- Born: John Campbell Ross 11 March 1899 Maryborough, Victoria
- Died: 3 June 2009 (aged 110 years, 84 days) Bendigo, Victoria
- Allegiance: Australia
- Branch: Australian Imperial Force Volunteer Defence Corps
- Service years: 1918 1943–1945
- Rank: Corporal
- Unit: Wireless operator
- Conflicts: World War I World War II
- Awards: Centenary Medal
- Other work: Victorian Railways

= Jack Ross (Australian soldier) =

Australian soldier (1899–2009)

John Campbell Ross (11 March 1899 – 3 June 2009), at the time of his death, was Australia's oldest living person and the last surviving Australian enlisted soldier from the World War I period. As a civilian, Ross worked for Victorian Railways until he retired in 1964.

==Early life and family==
Born in Maryborough, Victoria, Ross served as a wireless operator in the Australian Imperial Force, enlisting in January 1918, but never left Australia or saw active service. He later went on to serve in World War II as a corporal with the 20th Battalion, Volunteer Defence Corps.

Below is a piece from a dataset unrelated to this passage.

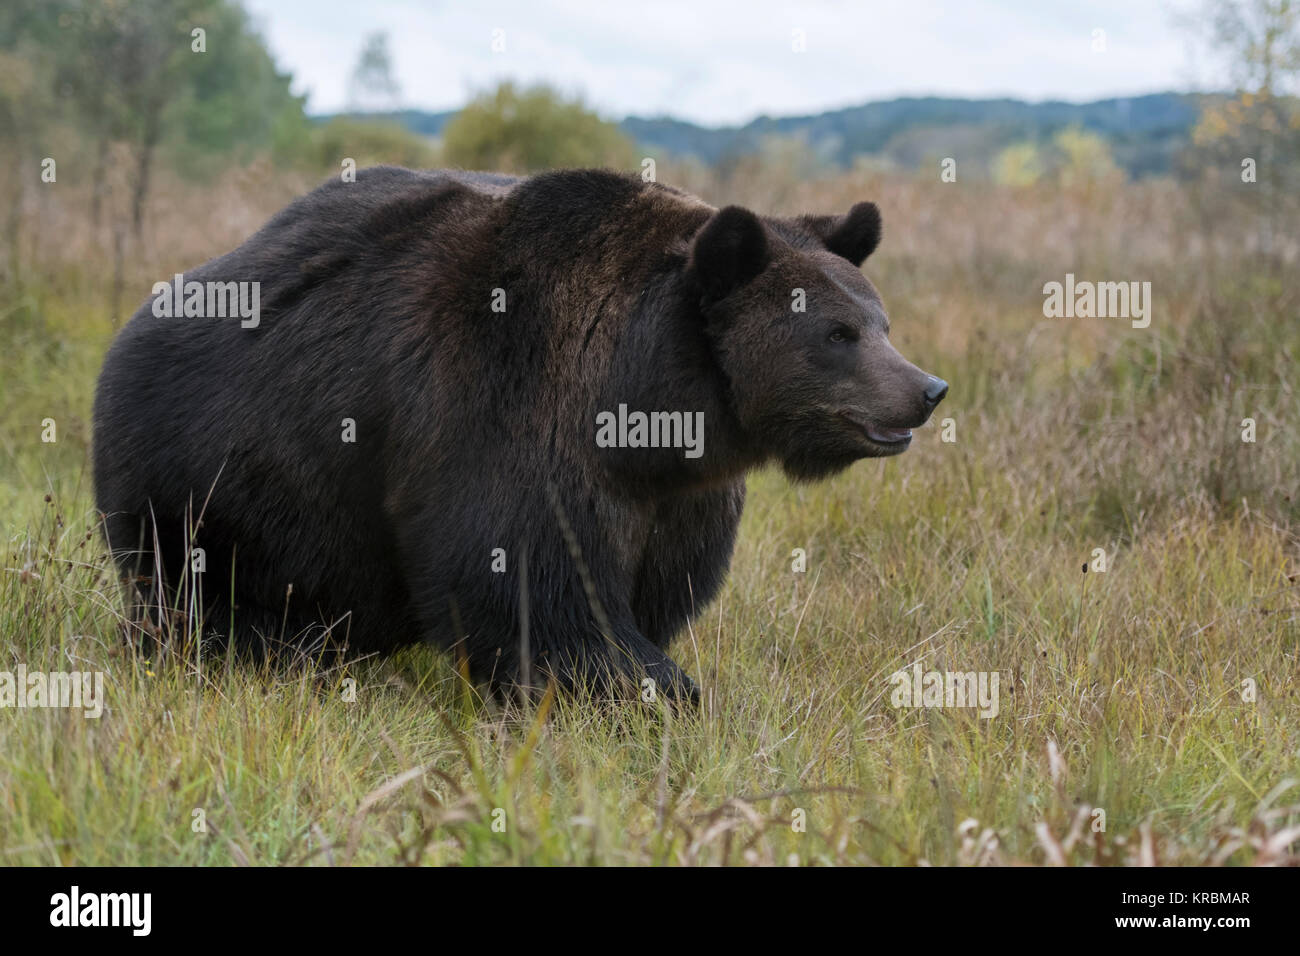 Orso bruno ( Ursus arctos ), potente adulto, ben preparati per l'inverno, camminando attraverso un prato umido, palude, bog vicino al bordo di una foresta, Europa Foto Stock

His wife, Irene (née Laird), predeceased him by several decades. He was survived by a son, Robert, a daughter, Peggy Ashburn, four grandchildren - Jeanette, Heather, Kay, and John – and nine great-grandchildren.

==Honours ==
On 11 November 1998, Ross was awarded the 80th Anniversary Armistice Medal to mark the end of World War I. He had also been awarded the Centenary Medal for contributing to Australian society in the 100 years since federation.

The death of William Evan Allan in October 2005 left Ross as the last Australian digger from the World War I period. However, the English-born Claude Choules, a World War I veteran who served for Britain, lived in Western Australia. Ross became Australia's oldest man, at the age of 108, on 12 June 2007 upon the death of Frank Scarrabelotti. Following the death of 112-year-old E. Beatrice Riley, he was verified as the oldest living person in Australia. For his 110th birthday he received a commemorative letter from the Prime Minister of Australia, Kevin Rudd.

==Death ==
Ross died in his sleep at approximately 4:00 a.m. at the Golden Oaks Nursing Home in Bendigo on 3 June 2009, aged 110 years and 84 days.